BEGIN Material to process

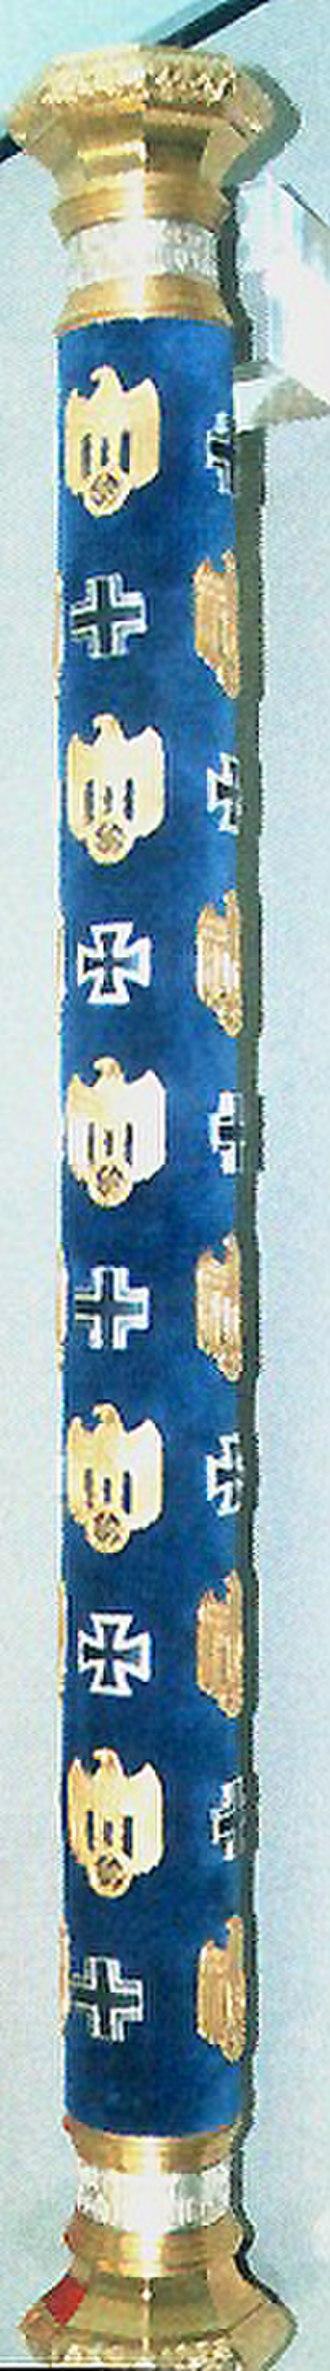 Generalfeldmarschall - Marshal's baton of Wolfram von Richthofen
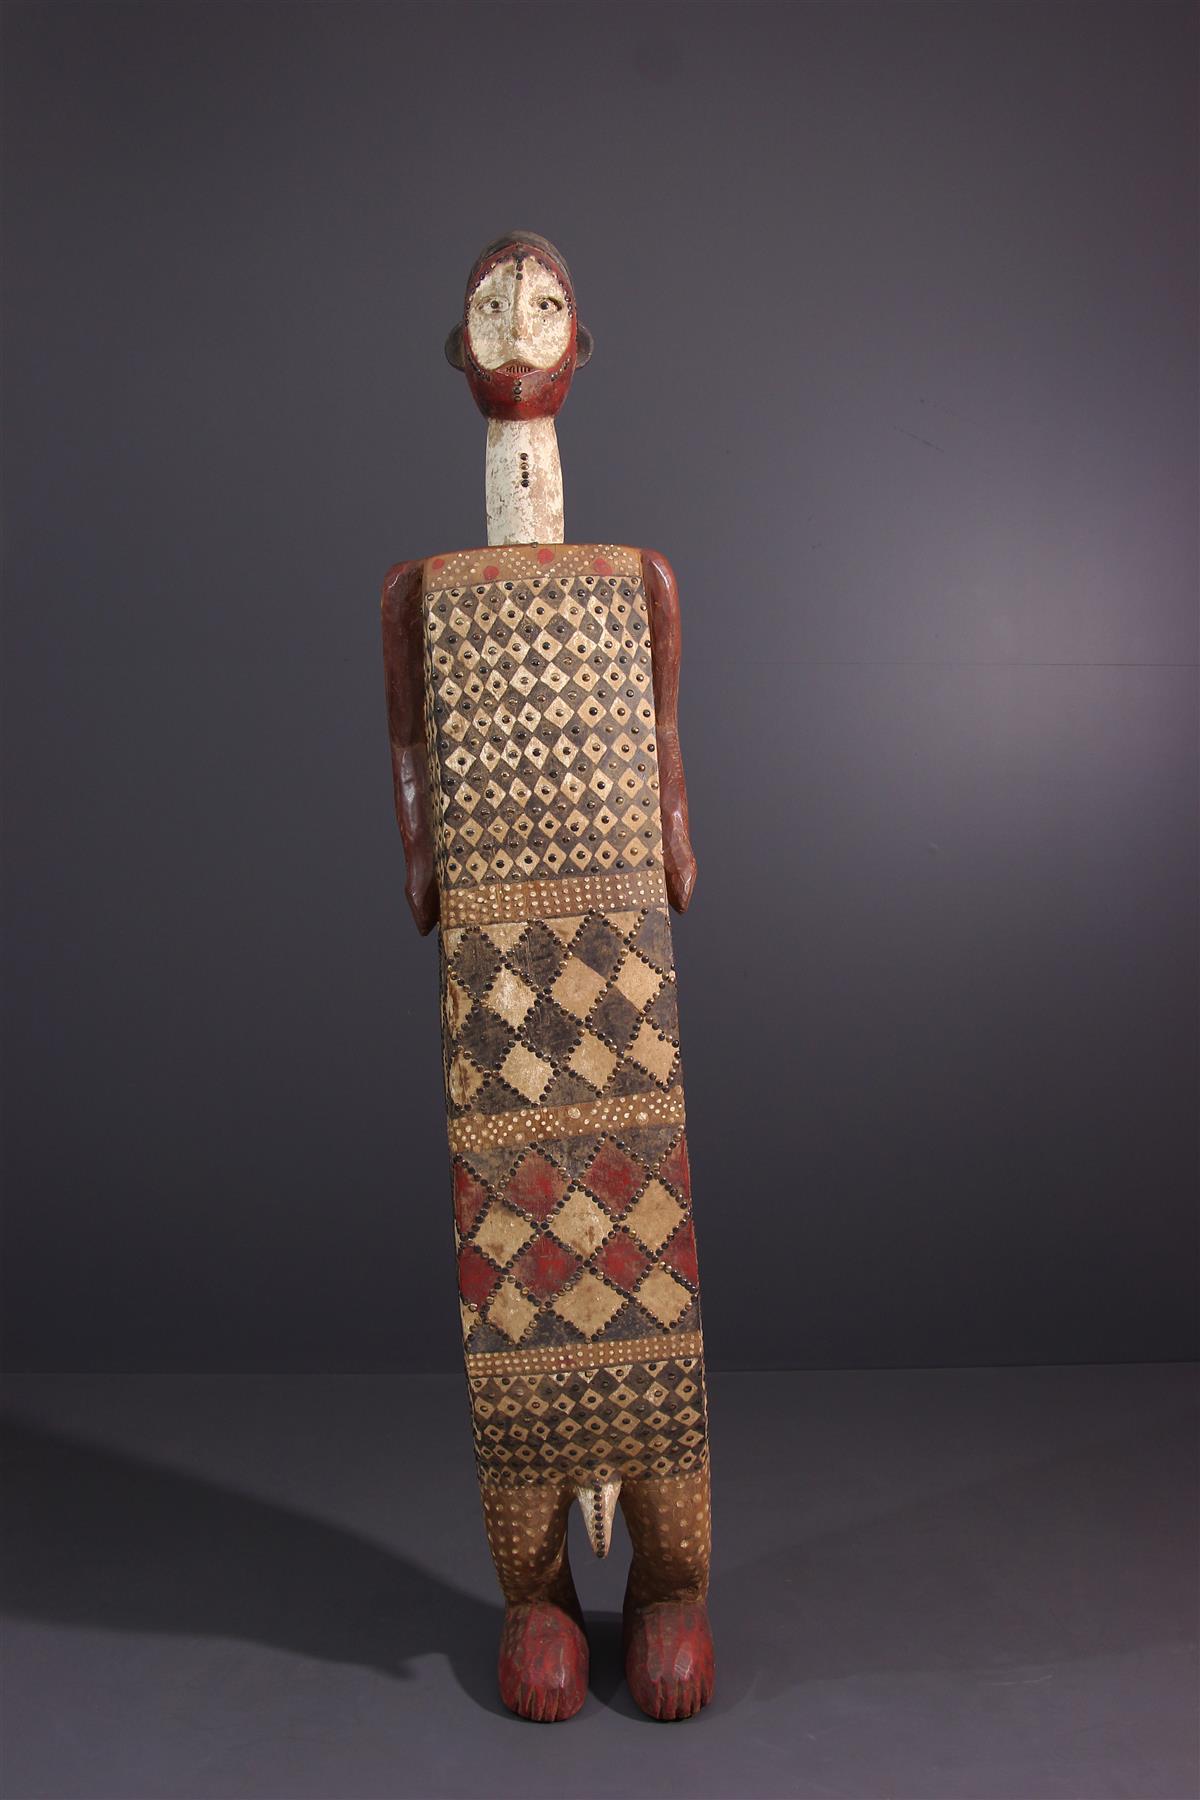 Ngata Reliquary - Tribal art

END Material to process
BEGIN Material to process

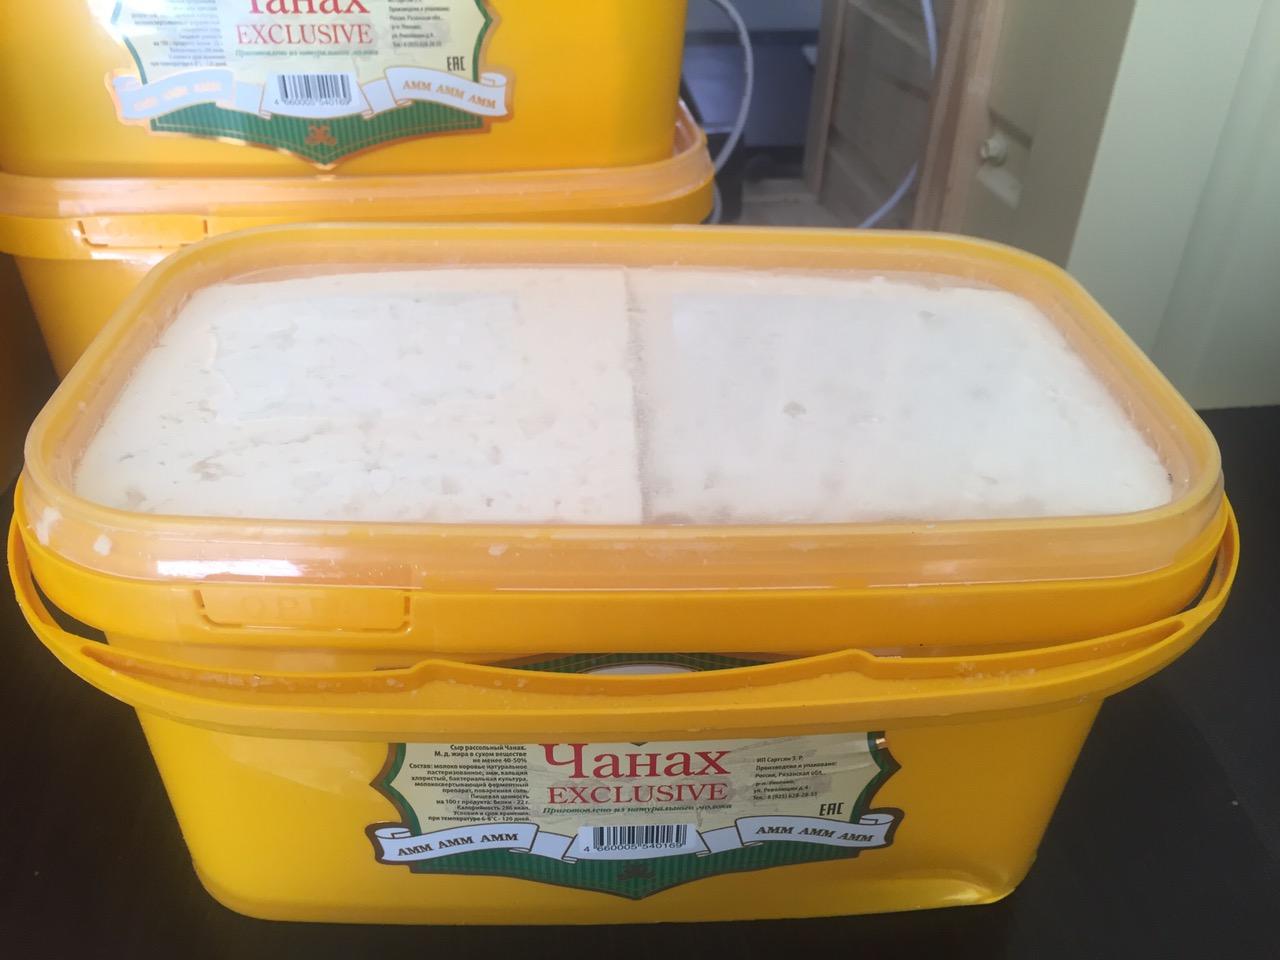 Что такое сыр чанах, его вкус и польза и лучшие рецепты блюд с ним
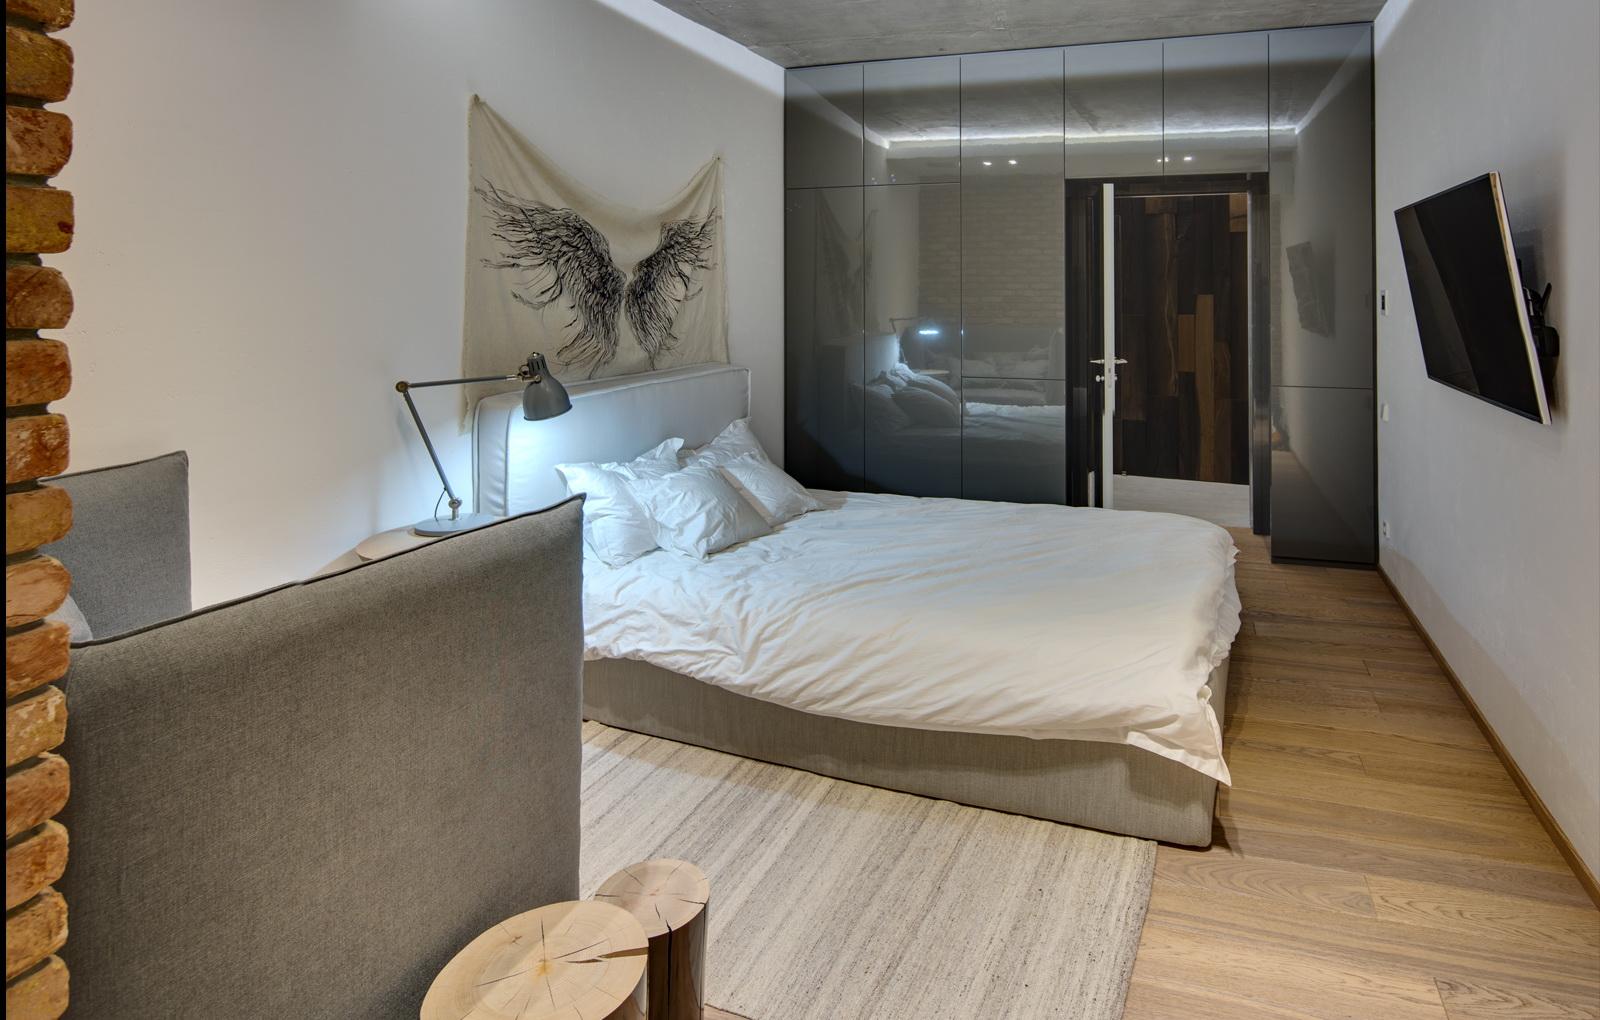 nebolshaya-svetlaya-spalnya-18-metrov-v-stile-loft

END Material to process
BEGIN Material to process

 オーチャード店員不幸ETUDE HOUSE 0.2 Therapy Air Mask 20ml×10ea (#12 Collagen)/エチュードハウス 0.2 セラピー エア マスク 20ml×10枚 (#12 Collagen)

END Material to process

_Task to carry out_
Give back the exact lines above, running from the one that has "Generalfeldmarschall - Marshal's" through the one that has "Ngata Reliquary - Tribal art", with nothing added and no pictures.

_Solution_
 Generalfeldmarschall - Marshal's baton of Wolfram von Richthofen
 Ngata Reliquary - Tribal art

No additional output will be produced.